Raw data:

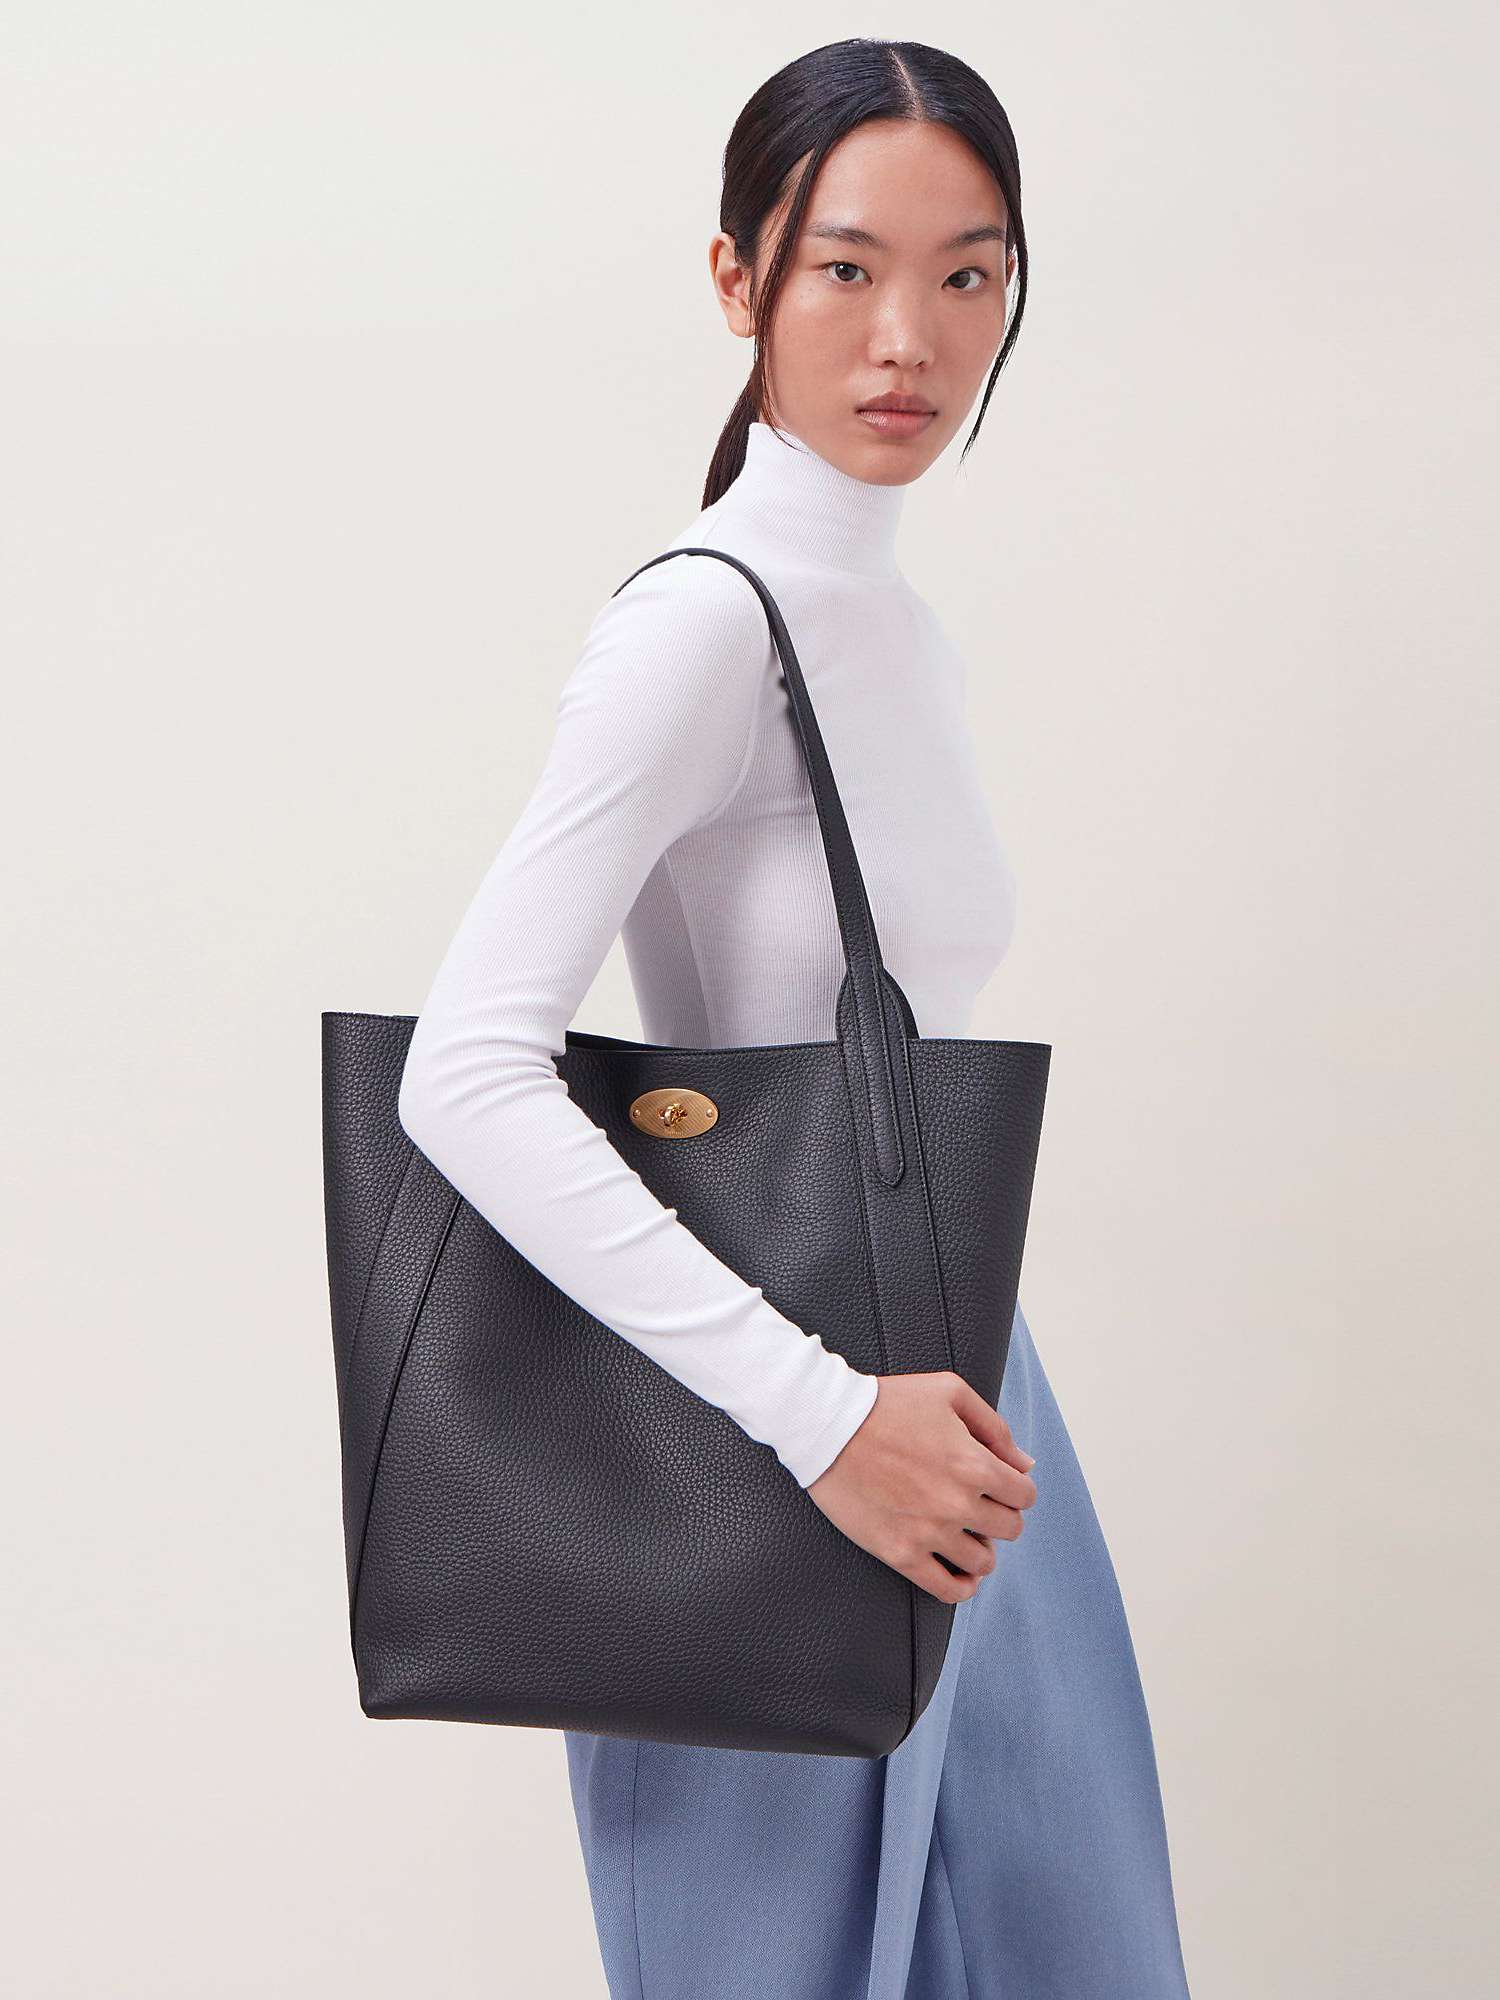 Buy Mulberry North South Bayswater Heavy Grain Tote Bag Online at johnlewis.com
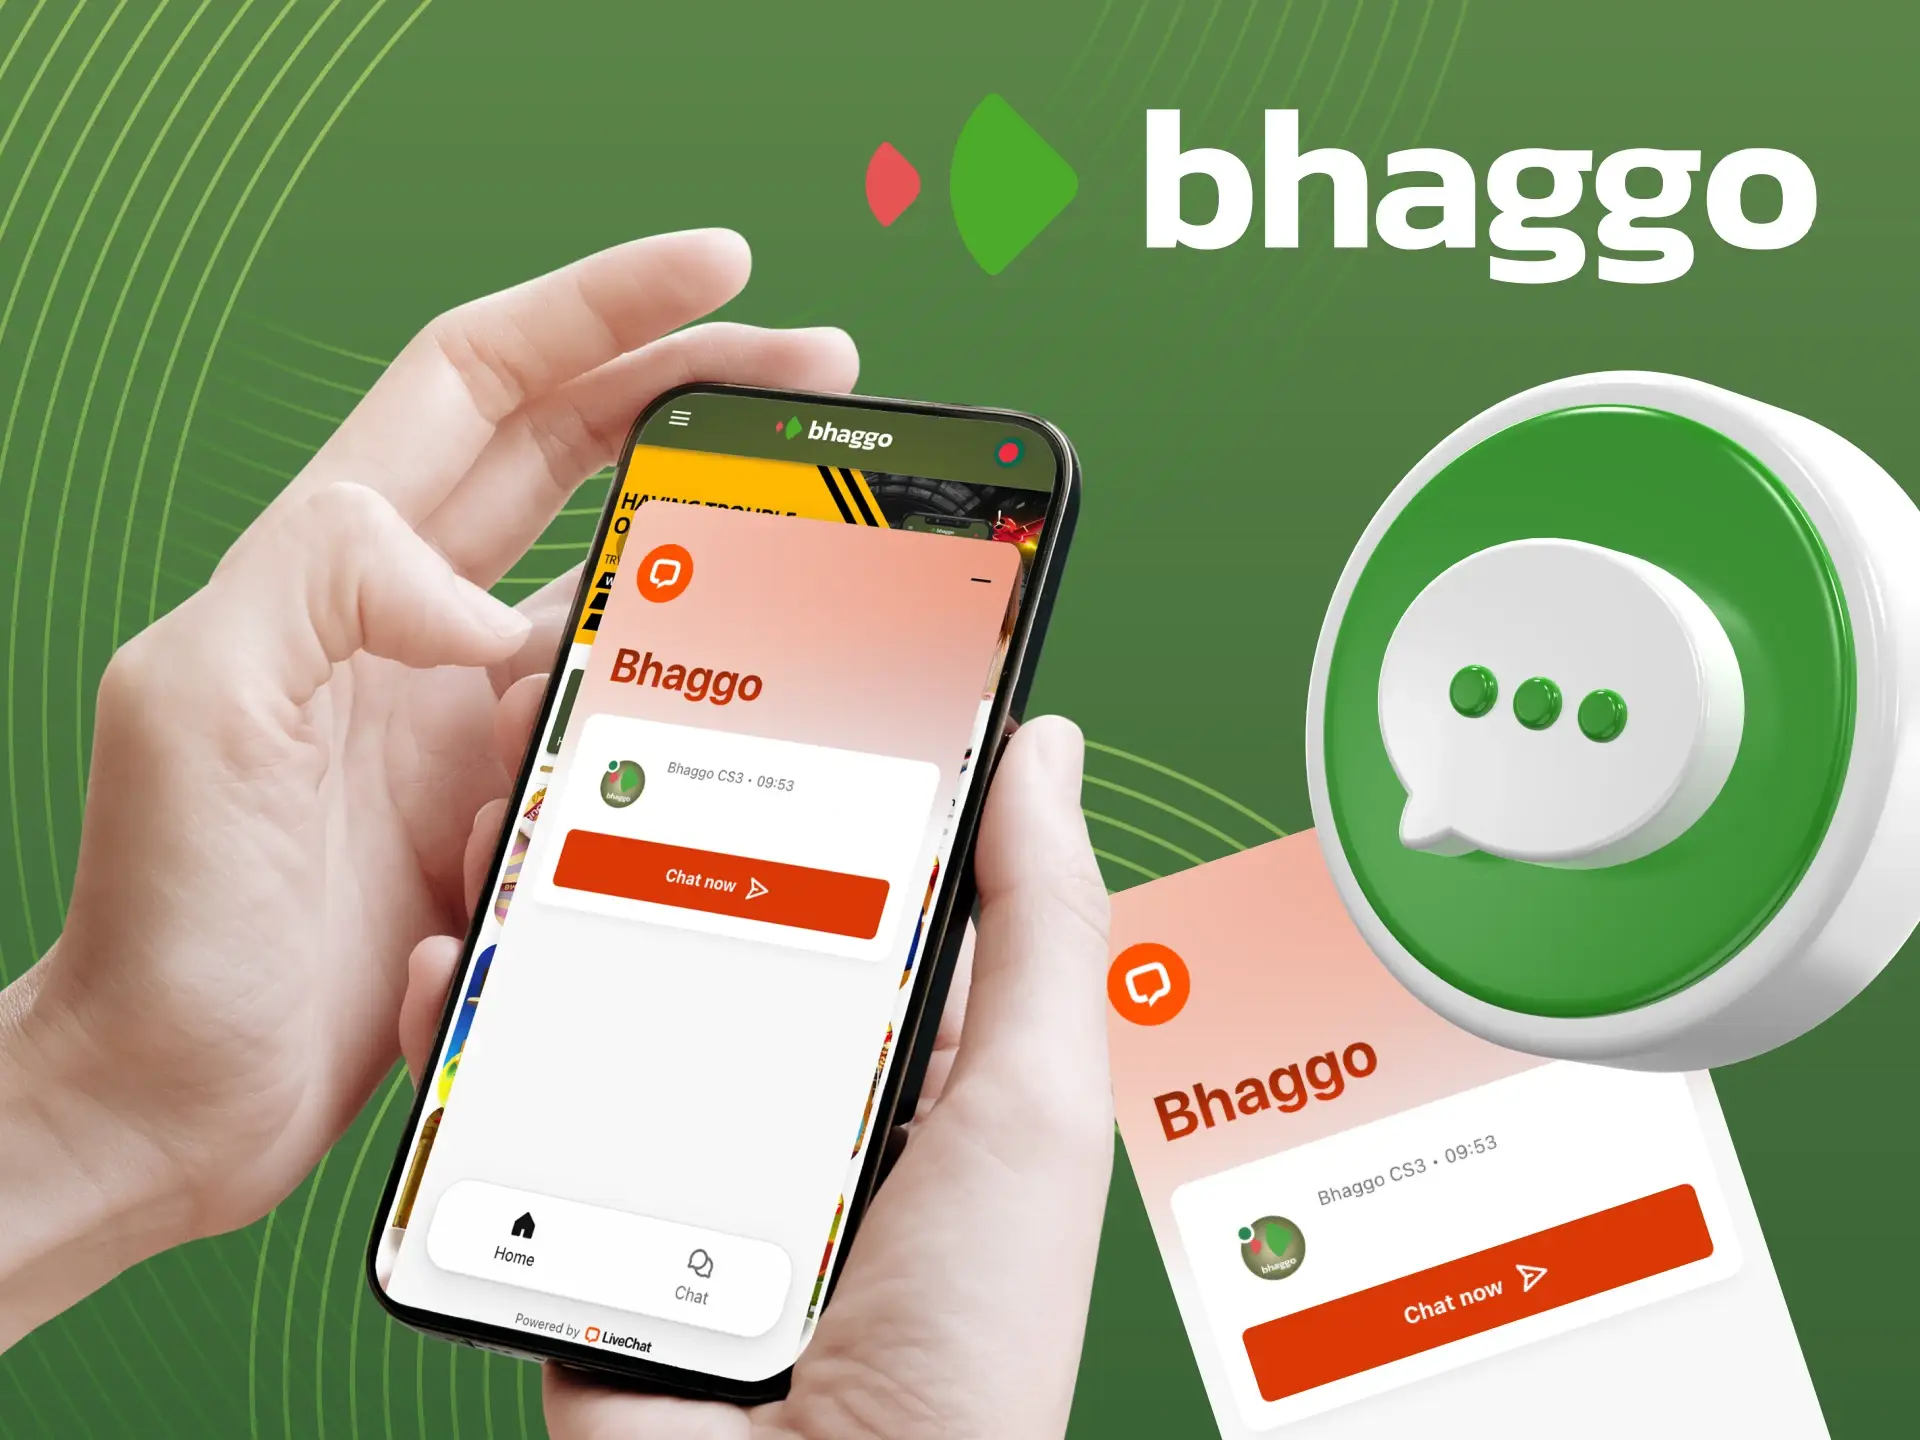 Where can I write to Bhaggo online casino support.
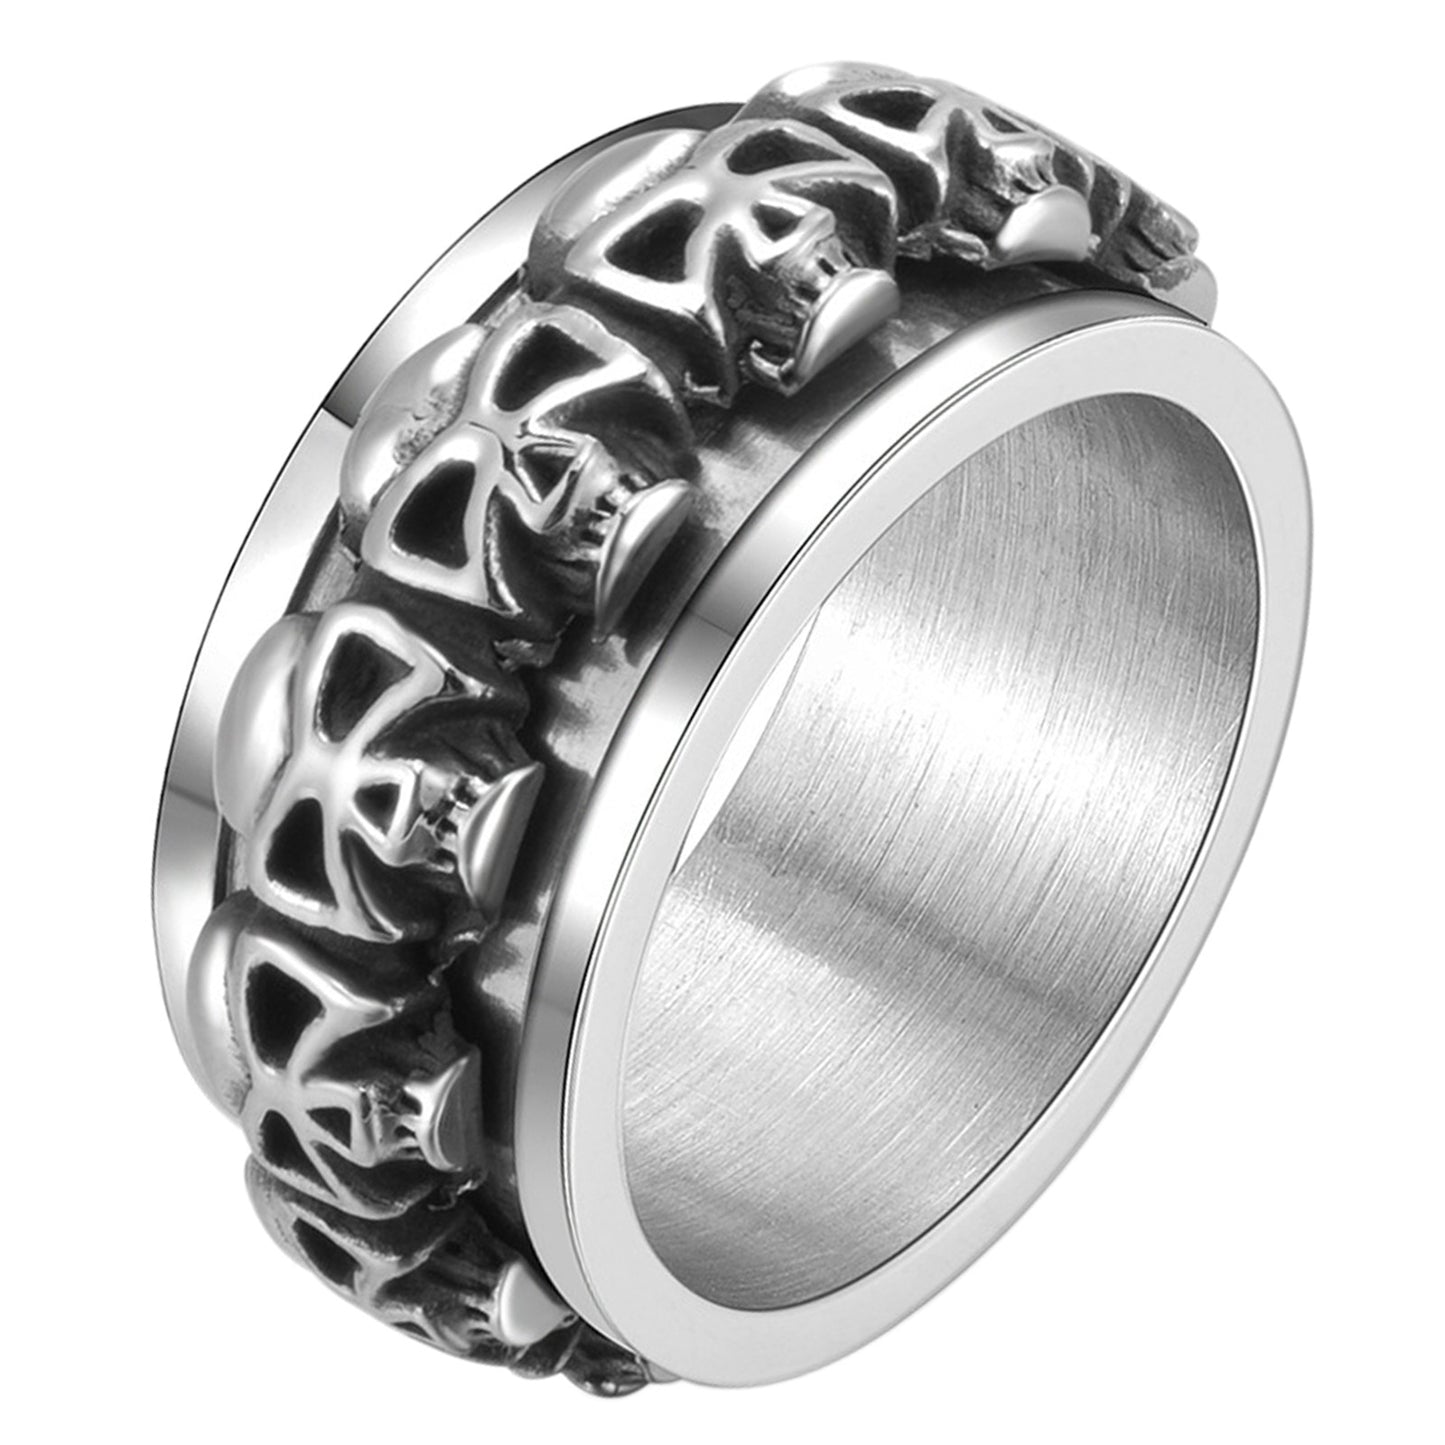 Stainless Steel Skull Ring For Men / Punk Rock Jewelry

Your goal:
Give back the full data exactly as it reads, but drop the pictures.

Result of this exercise:
 Buy Mulberry North South Bayswater Heavy Grain Tote Bag Online at johnlewis.com
 Where can I write to Bhaggo online casino support.
 Stainless Steel Skull Ring For Men / Punk Rock Jewelry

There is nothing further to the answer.